In a new scientific paper, professor Sir Gordon Conway predicts a catastrophic increase of food shortages in Africa, as a result of the devastating impact of climate change on the continent - the Guardian reported. Africa already suffers to a greater extent than the rest of the world from the effects of climate change, such as rising temperature, more droughts, floods and storm surges.
Conway predicts hunger on the continent could increase dramatically in the short term as droughts and desertification increase, and climate change affects water supplies. "Projected reductions in crop yields could be as much as 50% by 2020 and 90% by 2100," the paper says.
"In certain circumstances we will need GM crops because we wont be able to find the gene naturally. GM may be the speediest and most efficient way to increase yields. Drought tolerance is governed by a range of genes. It is a big problem for breeders of [both] GM and ordinary plants."
Sir Gordon argues that more research into climate change needs to be done. Whereas forecasts all predict increasingly extreme weather conditions, their exact manifestation remains uncertain.

CRED Crunch Newsletter Nov 09: major losses in Asia and S-America C

The November 2009 newsletter from the Centre for Research on the Epidemiology of Disasters (CRED) provides a balanced perspective on disaster data from the first semester of 2009.
Although global disaster impact figures in the first half of the year 2009 appeared relatively low compared to the 1999-2008 yearly average, many countries, mostly in Asia and South America, suffered major losses. [...]
The first half of 2009 underlines societies’ vulnerability to climate-related and geophysical disasters.
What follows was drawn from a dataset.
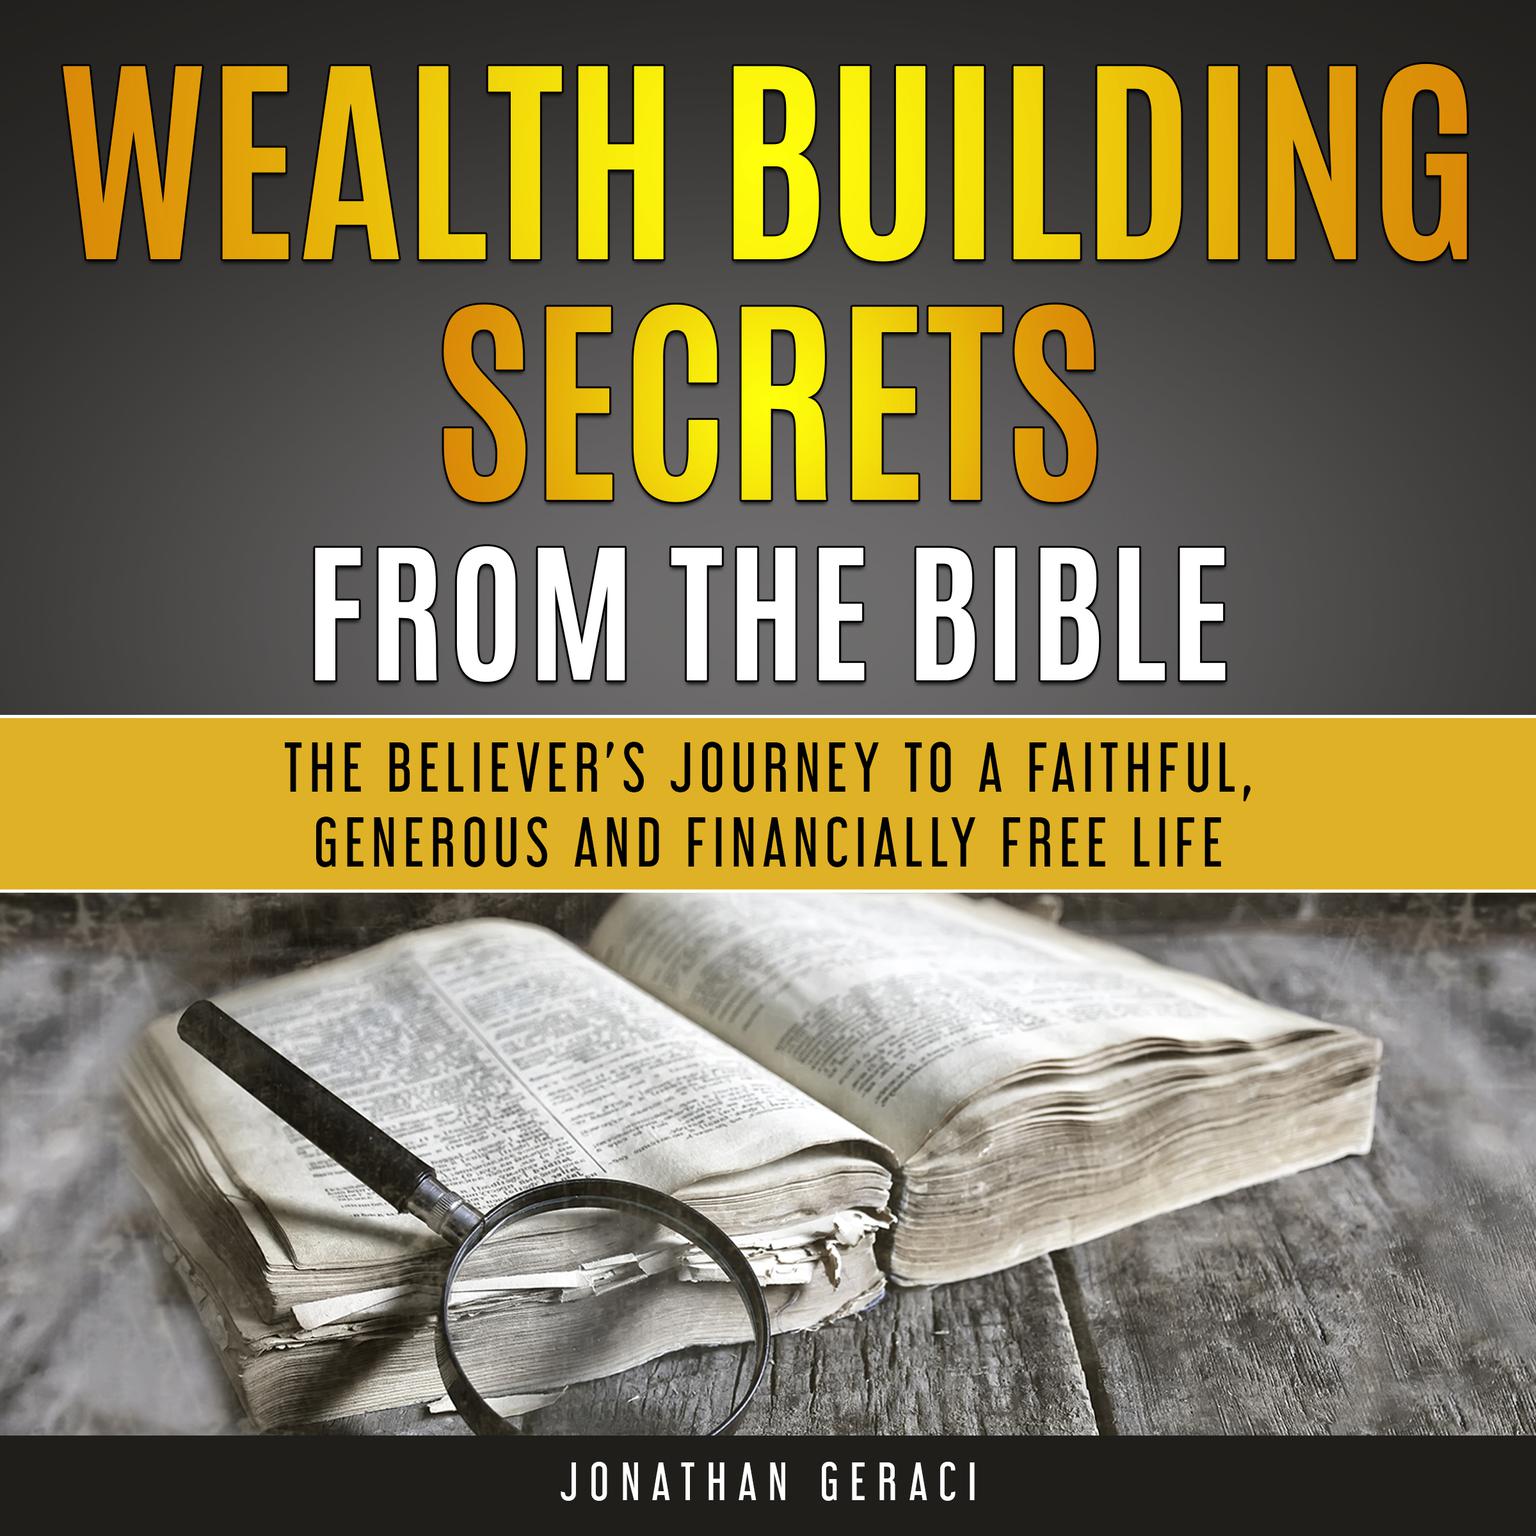 Wealth Building Secrets from the Bible: The Believer’s Journey to a Faithful, Generous and Financially Free Life Audiobook, by Jonathan Geraci

A long road remains to better protect the vulnerable and developing societies.

Tuesday, November 3, 2009

HPG policy brief: Untangling Early Recovery

The Overseas Development Institute's Humanitarian Policy Group has published a new Policy Brief: Untangling Early Recovery. This document provides an overview of early recovery, in preparation of up-coming HPG research on early recovery, stabilisation and transitions. Its main arguments are that:
  • ‘Early recovery’ has functioned as a way to classify and conceive of a broad range of activities and strategies which seek to promote recovery in humanitarian and transitional settings. However, the added value of early recovery has yet to be consistently demonstrated.
  • Attention to early recovery is part of a drive to better organise international responses to foster recovery from conflict. Policy-makers should understand the opportunities and tensions presented by different approaches, including humanitarian assistance, development, and stabilisation, peace-building and state-building.
  • Policy-makers and practitioners must be specific in portraying problems and proposed solutions; early recovery has served as a catch-all term for very different issues related to recovery.